Pazienti diabetici e terza dose
“L’esperienza maturata presso i nostri centri durante la campagna vaccinale contro il Covid-19 dimostra che la vaccinazione è una pratica sicura per il paziente diabetico, che non determina alcun peggioramento del compenso glicometabolico – sottolinea il Prof. Paolo Fiorina, Professore Ordinario di Endocrinologia, Università degli Studi di Milano e Direttore Diabetologia – Ospedali Fatebenefratelli-Sacco-Melloni – Inoltre, grazie al supporto della professoressa Francesca D’Addio, abbiamo recentemente dimostrato con uno studio su quasi 400 pazienti diabetici monitorati tramite CGM (continuous glucose monitoring) che la vaccinazione per il Covid-19 non determina alcuna anomalia glicemica e per questo è assolutamente sicura e genera una protezione umorale di lunga durata. Certamente ci possono essere delle alterazioni dell’immunità cellulare in alcuni soggetti diabetici e l’immunità cellulare può non essere sufficientemente stimolata in una parte di essi; di qui l’importanza di promuovere l’accesso alla 3a dose di vaccino per i pazienti con diabete”.

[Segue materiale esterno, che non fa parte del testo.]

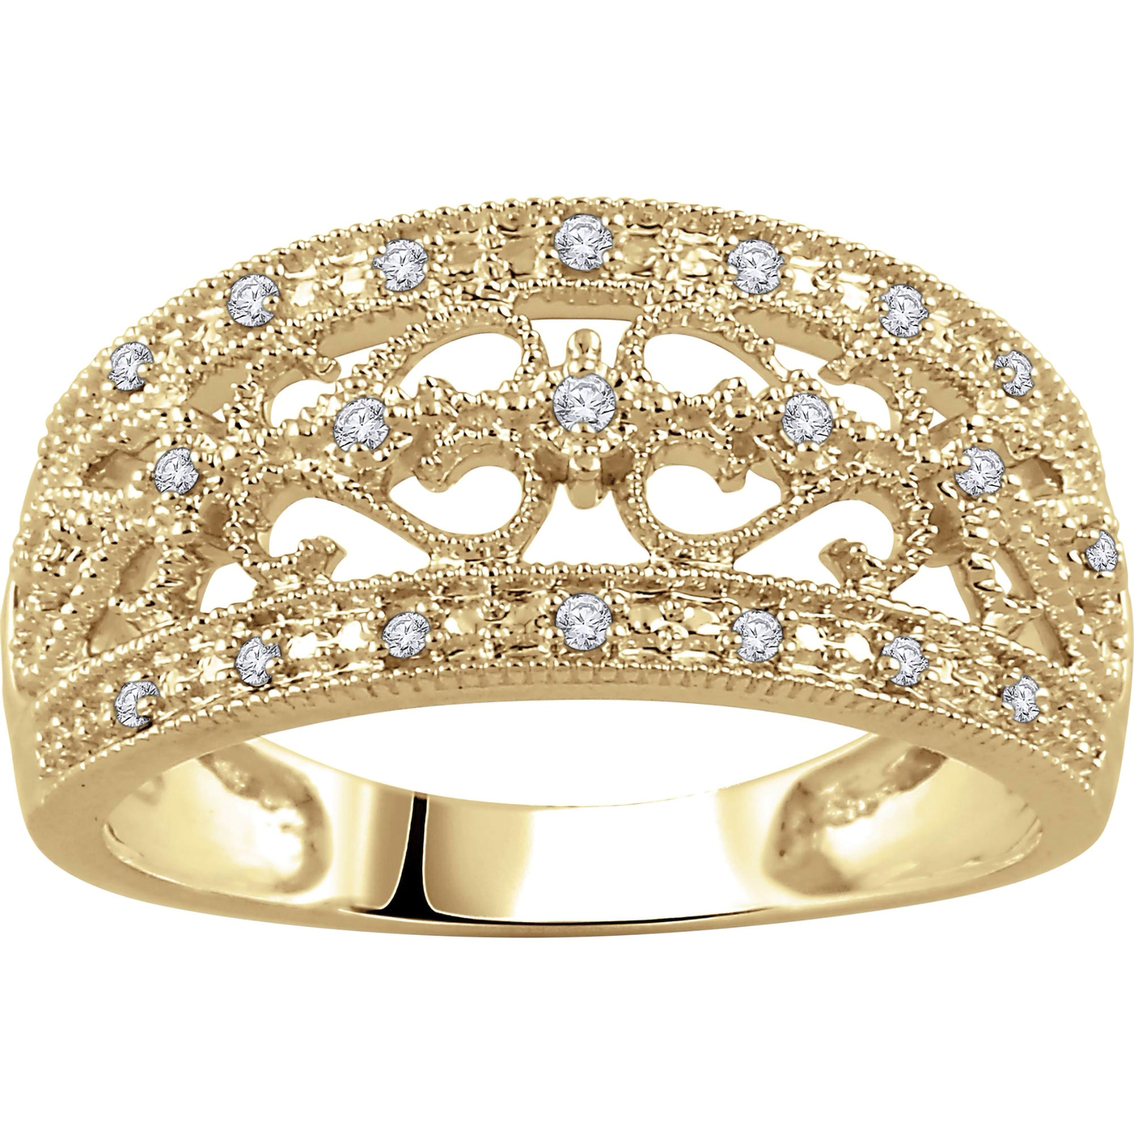 10k Yellow Gold 1 10 Ctw Tdw Diamond Anniversary Ring

I vaccini sono importanti, ma l’aderenza è scarsa
“Tutte le patologie contro cui si rivolgono i vaccini oggi disponibili non solo predispongono il paziente al ricovero, ma innescano una cascata infiammatoria che predispone il paziente diabetico al rischio di infarto miocardico, a polmoniti post virali e tutta una serie di complicanze e di ricoveri, con aggravi anche per il SSN – aggiunge il Prof. Fiorina – Dati recenti dimostrano come molti vaccini non vengano utilizzati dai pazienti diabetici. Tra questi, solo il 30% accetta di sottoporsi alla vaccinazione antinfluenzale, mentre per la vaccinazione anti-pneumococcica siamo ben al di sotto del target del 75% indicato dal Ministero della Salute. La vaccinazione per Herpes Zoster non raggiunge ancora la copertura auspicata del 50%. Spesso mancano linee guida specifiche; quelle della Società Italiana di Diabetologia – SID e dell’Associazione Medici Diabetologi – AMD vengono frequentemente disattese. Il mancato accesso alla terapia vaccinale determina nei pazienti diabetici gravi rischi, in quanto non sono protetti da infezioni che possono provocare malattie gravi e un aumentato rischio di mortalità”.
Il piano per la regione lombardia
La proposta del Prof. Fiorina sarà destinata anzitutto proprio alla regione in cui si trova ad operare, la Lombardia. “Vorrei che a partire dalla nostra Regione vi fosse un accesso sempre più facilitato ai vaccini per i pazienti diabetici – spiega il Prof. Fiorina – Dal Covid abbiamo imparato che una buona organizzazione del sistema sanitario a livello nazionale è in grado di superare le resistenze dei singoli, di eliminare le inerzie terapeutiche e soprattutto di avvicinare i pazienti, anche quelli meno predisposti, alle terapie più innovative. Vogliamo lanciare un’iniziativa nel contesto regionale lombardo da estendere poi anche a livello nazionale per facilitare e promuovere l’accesso ai vaccini da parte dei pazienti affetti da diabete”.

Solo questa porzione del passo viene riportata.